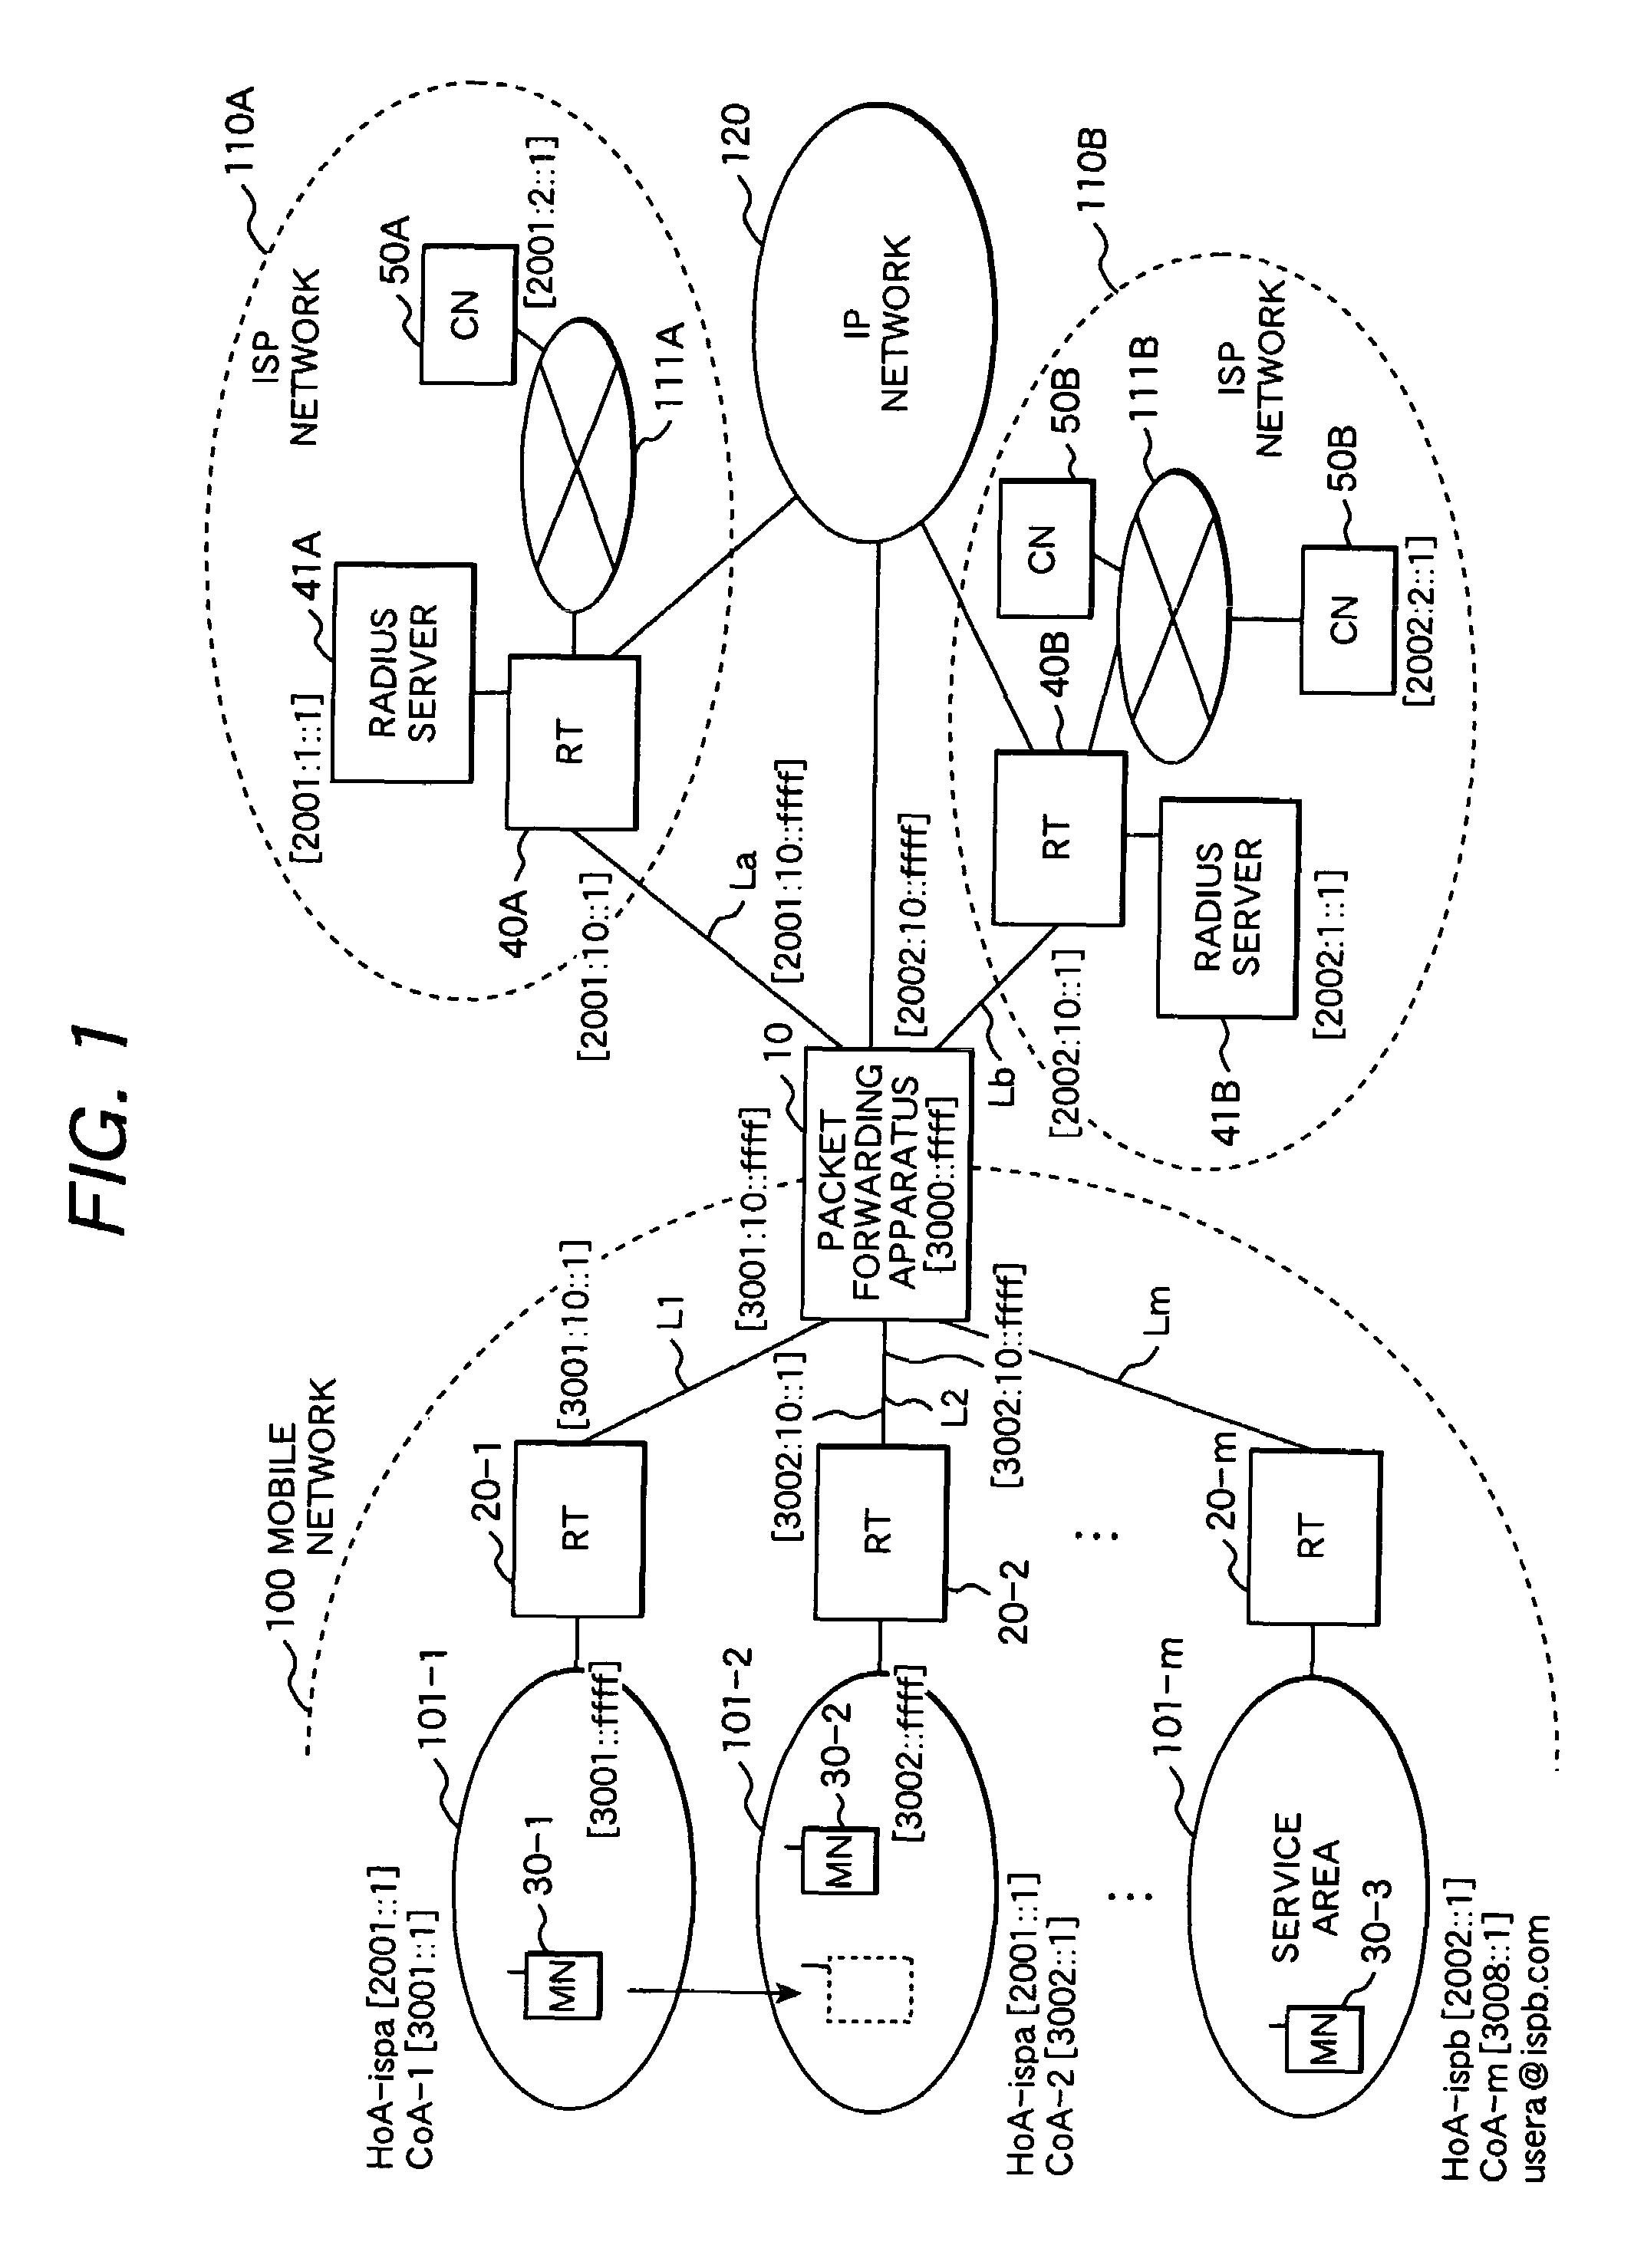 Packet forwarding apparatus for connecting mobile terminal to ISP network
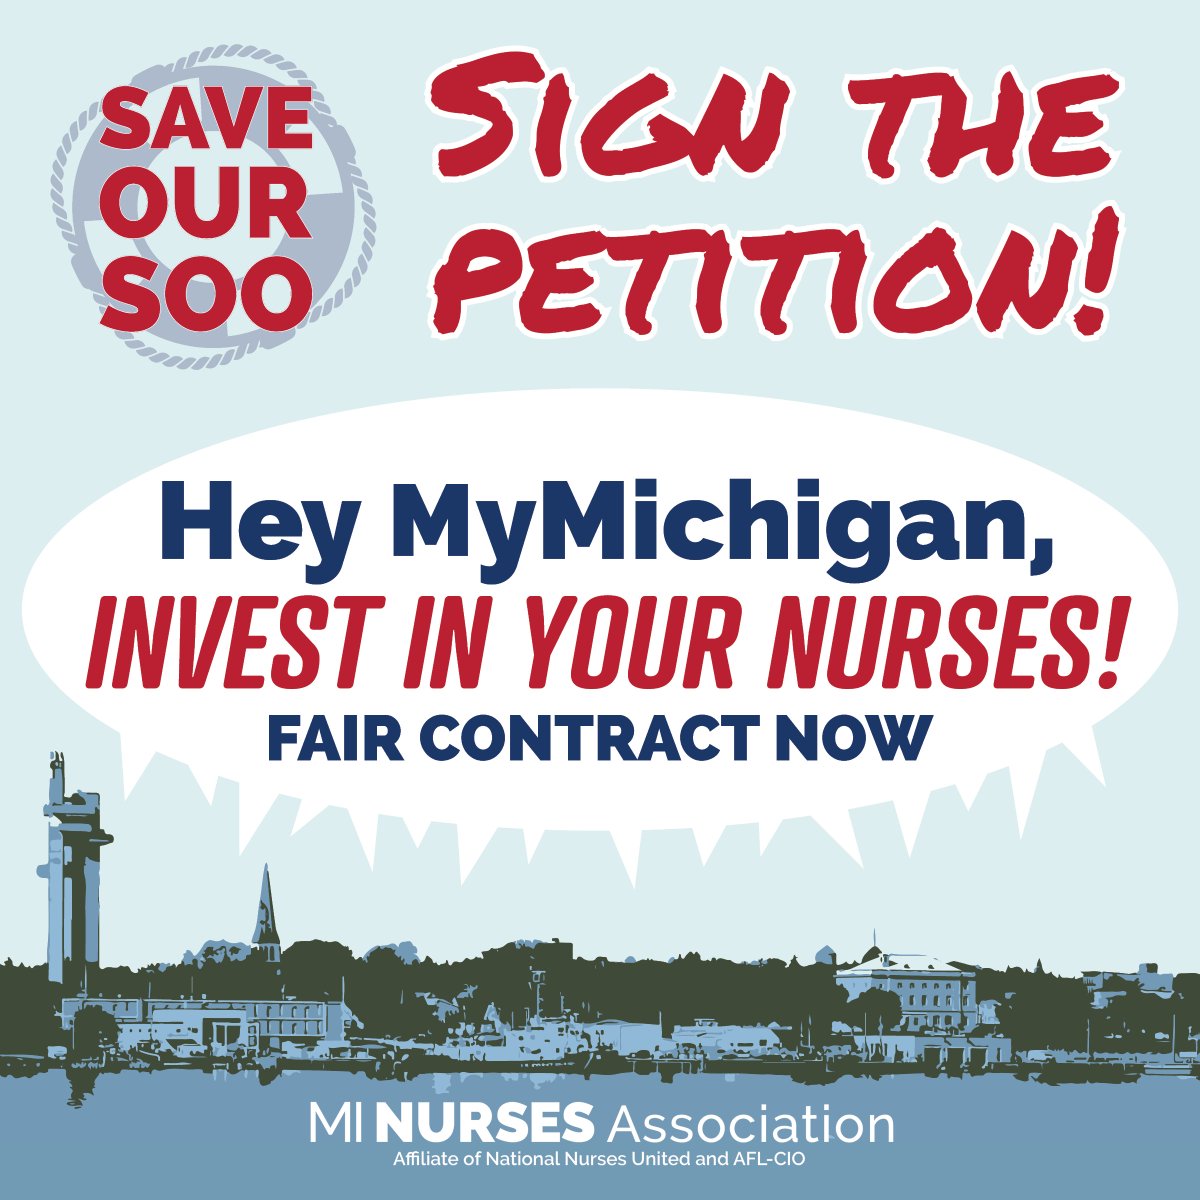 Sault Ste. Marie @mymichhealth #nurses want to provide the best care possible to their community. They need your help in their fight for a fair contract! Sign the petition at saveoursoo.com #safestaffingsaveslives #patientsoverprofits #unionstrong
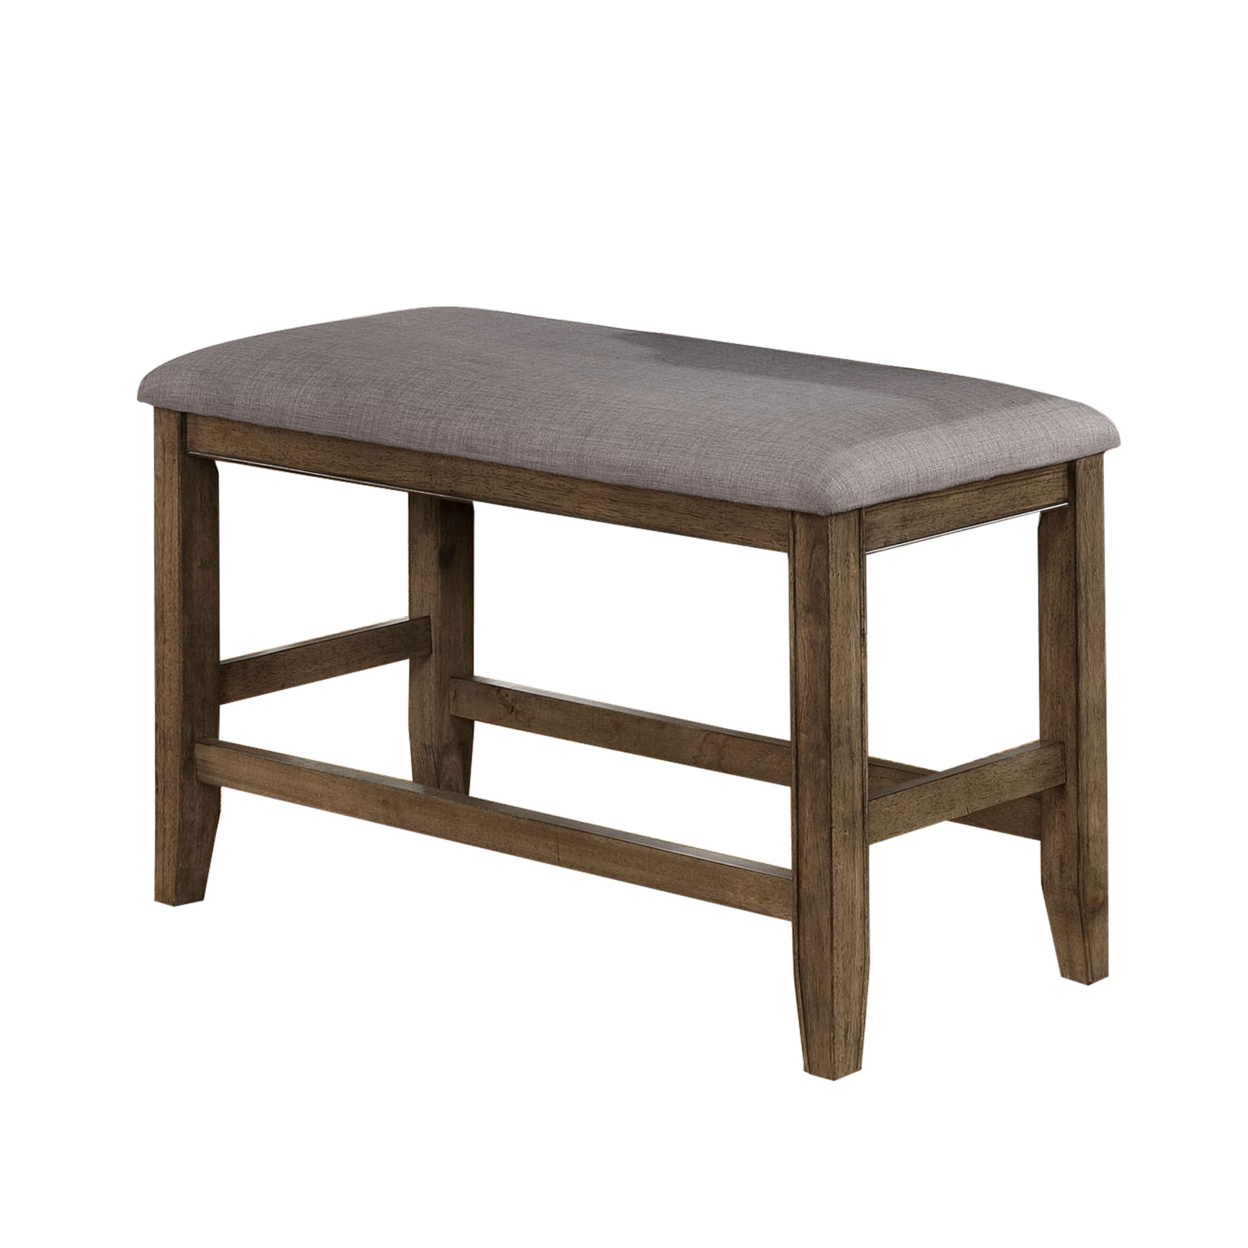 Counter Height Wooden Bench With Fabric Upholstered Seat, Brown And Gray- Saltoro Sherpi

• Work task: Please set down the data above exactly as given, leaving every picture out.

• Task output:
 Packet forwarding apparatus for connecting mobile terminal to ISP network
 Sault Ste. Marie @mymichhealth #nurses want to provide the best care possible to their community. They need your help in their fight for a fair contract! Sign the petition at saveoursoo.com #safestaffingsaveslives #patientsoverprofits #unionstrong
 Counter Height Wooden Bench With Fabric Upholstered Seat, Brown And Gray- Saltoro Sherpi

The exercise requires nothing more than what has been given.